В моей жизни. Сетевой журнал литературных эссе.
страница выпуска / страница автора

музыка в моей жизни / 30.12.2005

  • Игорь Вишневецкий
    (Прислушиваясь к шуму ветра)

            Родившись с обострённостью слуха, я понимаю, чем всё завершится.
            Шелушенье ландшафта, теней оживающих мыслей — по окоёму бессонного мозга, — вставших на цыпочки, тихо глядящих в глаза (в час тревожной тоски перед утром).
            Формы предметов осциллируют.
            Это больше, чем ветер.
            Вероятно, это и есть та музыка, что затопит собой всё пространство.
            Ударяя в меня изнутри: на отрезке от стоп до груди, заставляя вздрагивать руку пониже локтя.
            Потому-то все звуки представляются как бы расчерченной партитурой с голосами разной подсветки:
            фортепиано почти всегда светло-серое, синие скрипки, густо фиолетовые виолончели, тёмно-серые (почти чёрные) контрабасы, оранжевые тромбоны, золотисто-жёлтые трубы, коричневый голос гобоя, красноватый — рожка, белый грохот литавр.
            Видя в предутренней дрёме цвета́, я представляю себе их звуковую и нотную запись.
            В ней отсутствует напрочь зелёный — в силу вторичности? — солнце, про́литое в тёмно-синее.
            Вот оно, восходя, ожигает углы обострённого слуха.
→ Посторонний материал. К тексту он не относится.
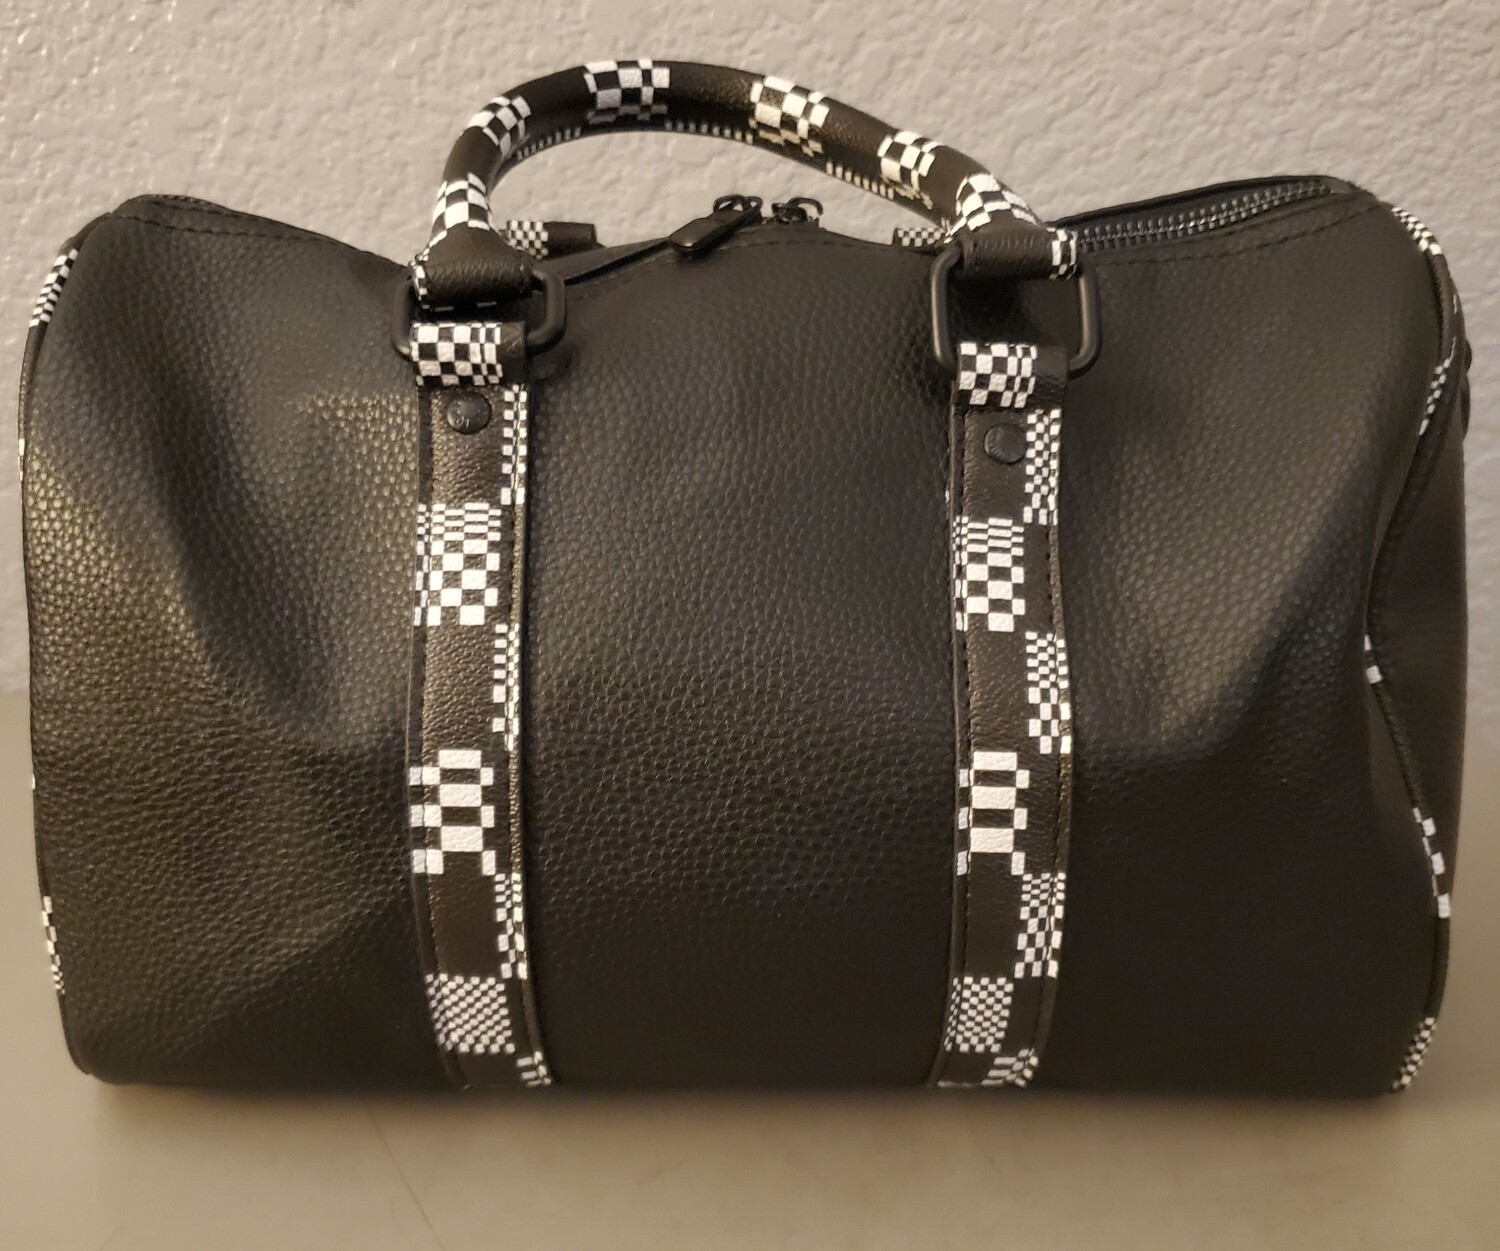 LV Black and White Checkered Bag

Или зрения. Что, в общем, одно и то же.
            Ветер сгибает углы зеленеющих — синее в золоте — елей и пихт: между окном моей комнаты и заоконным, коричневатым зданьем.
            Озеро тоже блестит — серебром амальгамы-челесты.
            Я не раз и не два представлял себе в отрочестве, как стал бы записывать музыку, а потом записывал: синим и чёрным на разлинованной нотной бумаге.
            Музыкант (композитор) слышит звуки всегда вертикально — от басового чёрного, в нутряной глубине, почти уходящего в землю — вверх до ультразвуковых завихрений или — наоборот — сверху вниз, как съезжание тонов, их скольженье во влагу утробы.
            Ну, а ветер — прорывы в срединное поле из-за верхнего за и из-под нижнего вне.
            Невозможно представить себе мир без лестницы звуков. Существа на последней ступеньке глядят в телескопы на кольчатых — тех, что внизу. И анархия — даже не ветер, а только провалы немот.
            Форма меня осциллирует. Как и звуки или предметы.
            Главный страх — вдруг не выдержу, лопнут все перепонки. И останется плавкость: размытый рубеж между цветом, звуком, сознаньем. Вот тогда-то на гладком, оструганном и проолифленном тёплом квадрате доски обозначатся образы звуков.
            Те же, кто не обрёл никакого звучанья, — расплавятся в фон.
            Это будет присутствием музыки в зрении цвета, мотивом разбуженной жизни.
            Остальное — попытки схватить, удержать незаписываемое.
            Шум, который вовне и внутри.